Сказалъ это офицеръ, посмотрѣлъ кругомъ: видитъ въ комнатѣ только они вдвоемъ съ бариномъ сидятъ, а больше никого нѣтъ.
— Коли вы, баринъ, говоритъ офицеръ: — не боитесь Тришки, мнѣ и подавно его бояться нечего!…
— Отчего жь такъ? спросилъ баринъ.
— Оттого такъ, баринъ, что я тотъ самый и есть Тришка Сибирякъ; такъ мнѣ самому себя бояться не приходится.
Баринъ такъ и обомлѣлъ отъ великой робости.
— Слушай, сказалъ Тришка, а самъ изъ кармана пистолетъ вынулъ:- слушай, просилъ я у тебя, баринъ, тысячу, не для себя просилъ, а просилъ для твоихъ же рабовъ, — ты не далъ; наказалъ тебѣ: просилъ двѣ тысячи, ты и тутъ не восчувствовалъ! Теперь ты давай мнѣ двадцать тысячъ: двѣ тысячи я отдамъ твоимъ мужикамъ, а остальные, что тамъ останется, на свою братію возьму: надо что нибудь и намъ съ твоей милости на водку подучить. За такую науку какъ не взять!…

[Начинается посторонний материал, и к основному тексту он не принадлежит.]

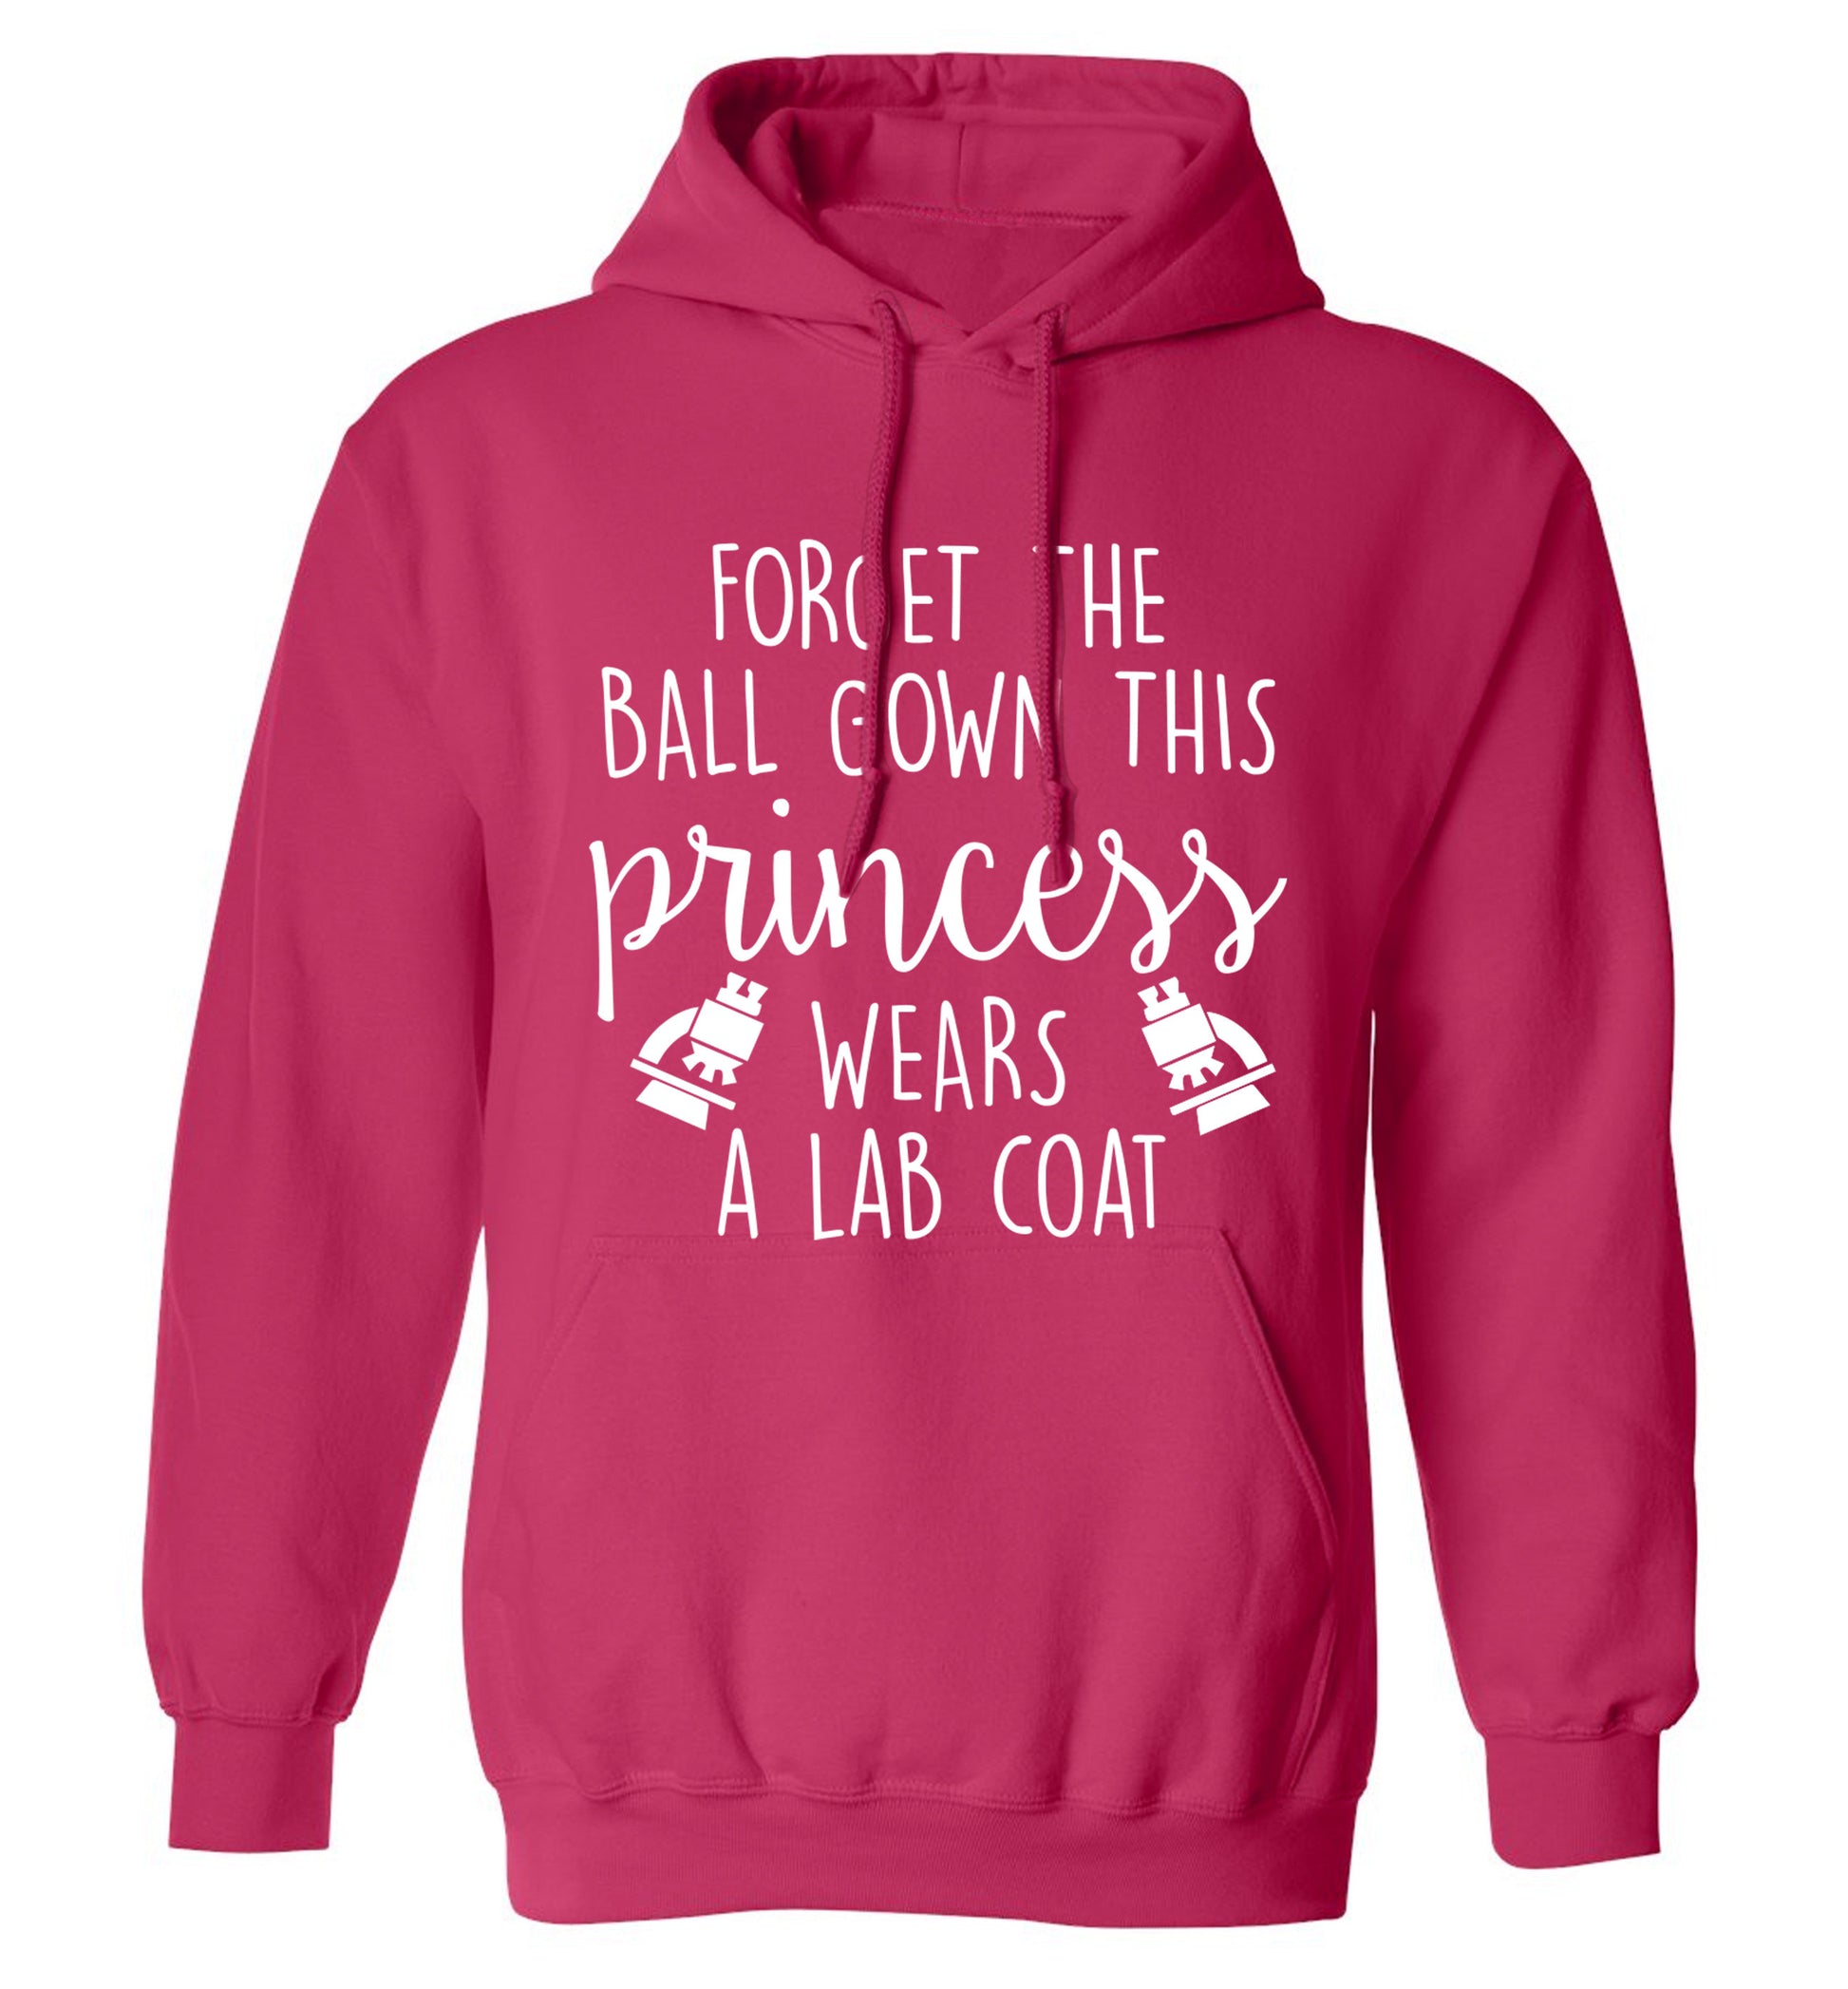 Forget the ball gown this princess wears a lab coat adults unisex pink hoodie 2XL

Баринъ стоитъ, только глазами хлопаетъ: никакъ того дѣла въ тонъ не возьметъ…
— Полно, баринъ, глазами-то хлопать, разсчитаемся честно, да и Богъ съ тобою и со всѣмъ; мнѣ некогда, пора домой.
— У меня деньги, говоритъ баринъ, какъ опомнился: — въ другой комнатѣ; ты здѣсь погоди, я тебѣ сейчасъ всѣ сполна принесу.

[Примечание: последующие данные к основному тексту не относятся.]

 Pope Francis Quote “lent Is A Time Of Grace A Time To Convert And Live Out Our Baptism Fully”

— Охъ, баринъ! молодецъ баринъ: подростешь — шутъ будешь! Думаешь надуть? Васъ мало обманываютъ, а то еще онъ хочетъ обмануть!
— Да, я право… да я ей Богу, забормоталъ баринъ.
— Ничего, баринъ, сочтемся! Ты ступай спереди, а я хоть и сзади, только знакъ пальцемъ кивнешь — въ затылокъ пулю пущу. Ты дѣлай свое дѣло, а я свое сдѣлаю.
Баринъ пошелъ передомъ; а позади барина Тришка Сибирякъ. Вышли за двери, а въ другой комнатѣ народу-то народу! Да всѣ съ ружьями!
Перешли еще въ другую комнату — тамъ никого нѣтъ… Отсчиталъ баринъ денежки, ровно двадцать тысячъ, отсчиталъ, отдалъ Тришкѣ, остальныя завернулъ, и опять подъ замокъ.
— Видишь, я не въ тебя, я слово держу: обѣщалъ быть у тебя въ гостяхъ — былъ; далъ слово взять двадцать тысячъ — взялъ двадцать, больше не беру; а хоть видишь самъ, и всѣ бы отнялъ, ничего дѣлать, всѣ своими руками бы отдалъ. Теперь проведи ты меня хоть за версту отъ деревни, а тамъ и простимся.
Баринъ проводилъ самъ, самолично Тришку съ товарищами за ворота, а такъ еще версты полторы, да и раскланялся…
— Смотри-жь, на прощаньи наказываетъ Тришка барину: смотри жь, мужиковъ не обижать. Обидишь мужиковъ, Богъ тебя обидитъ, а то, можетъ, и я грѣшный къ тебѣ тогда въ гости побываю!
Съ тѣхъ поръ баринъ шолковый сдѣлался! Что значитъ хорошая наука — много значитъ!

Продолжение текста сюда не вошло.